-- Work item --
Restate the listing word for word; omit the images.

-- Stored data --
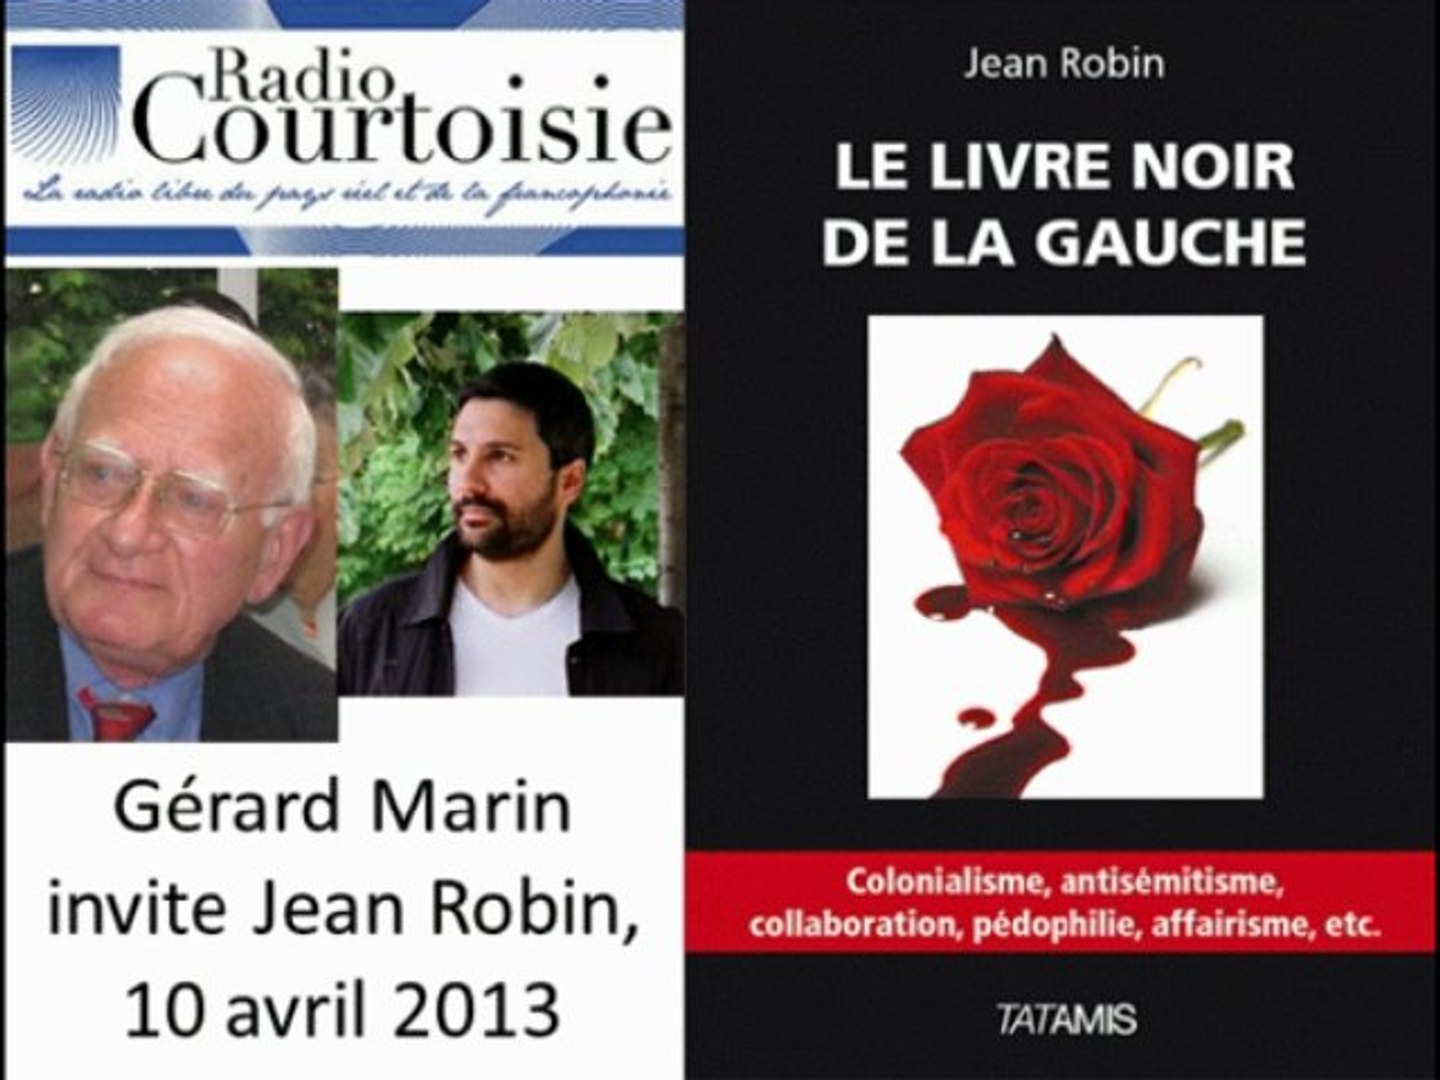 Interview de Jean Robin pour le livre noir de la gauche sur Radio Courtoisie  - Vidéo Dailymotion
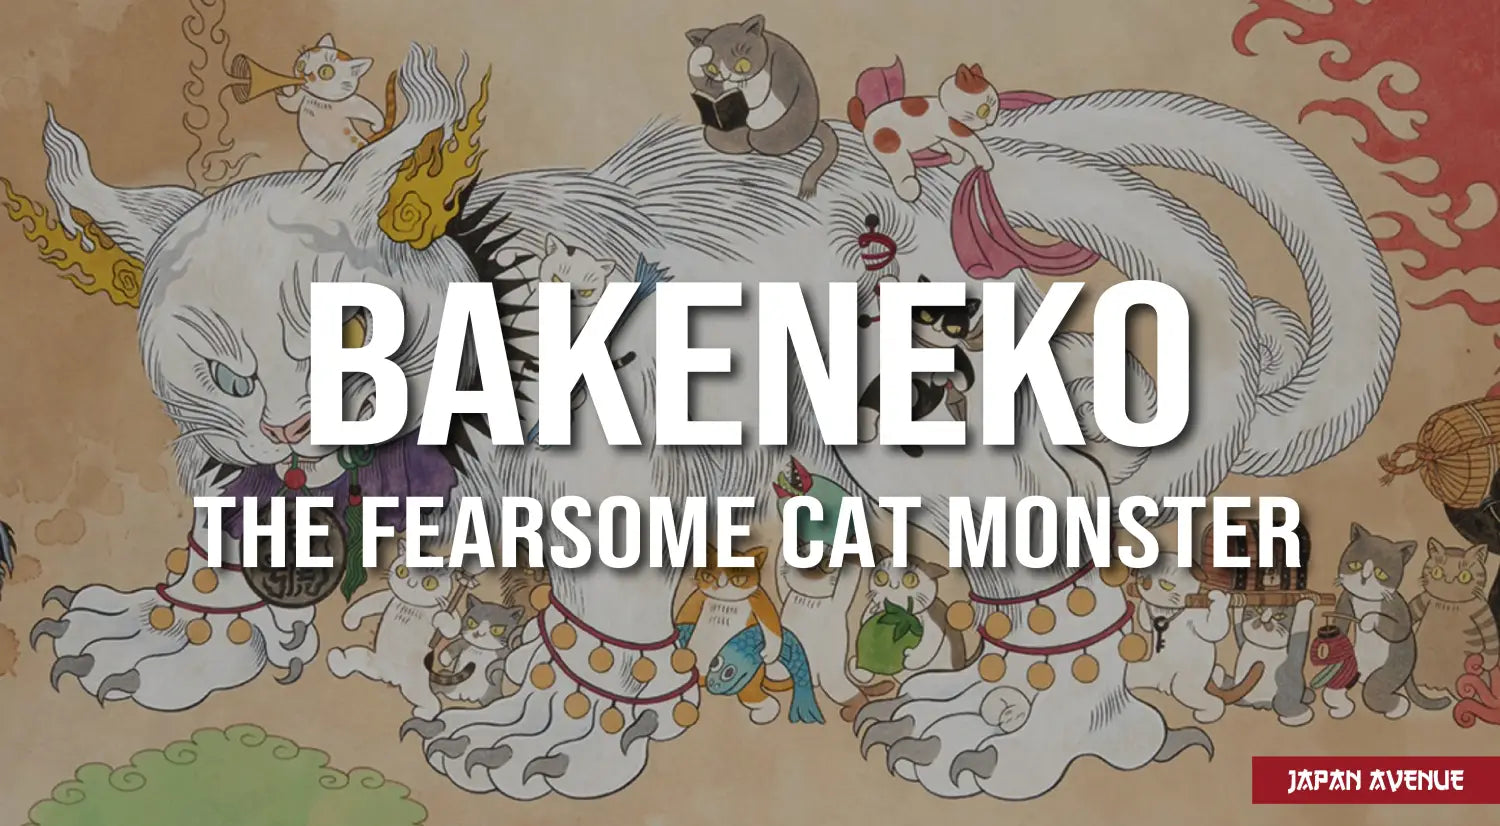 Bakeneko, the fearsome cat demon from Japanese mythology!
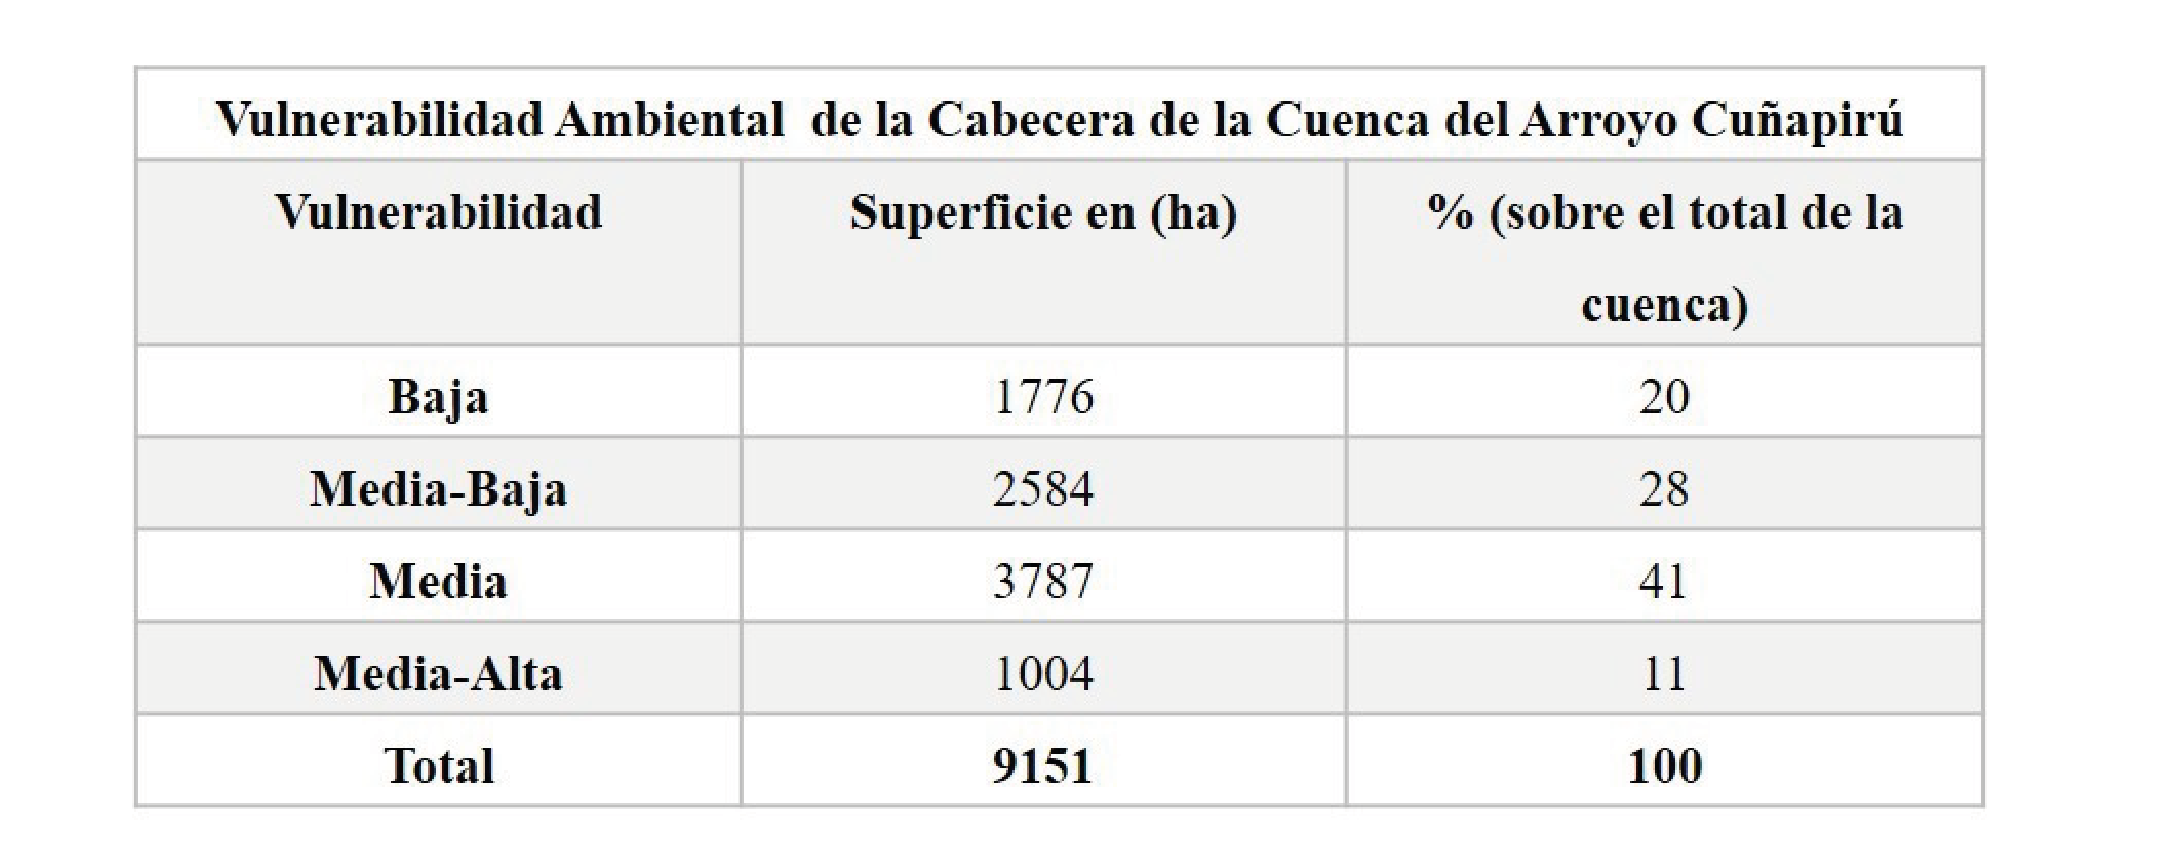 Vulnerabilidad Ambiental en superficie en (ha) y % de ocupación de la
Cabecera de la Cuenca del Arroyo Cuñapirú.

-- Output of the exercise --
 Interview de Jean Robin pour le livre noir de la gauche sur Radio Courtoisie  - Vidéo Dailymotion
 Bakeneko, the fearsome cat demon from Japanese mythology!
 Vulnerabilidad Ambiental en superficie en (ha) y % de ocupación de la
Cabecera de la Cuenca del Arroyo Cuñapirú.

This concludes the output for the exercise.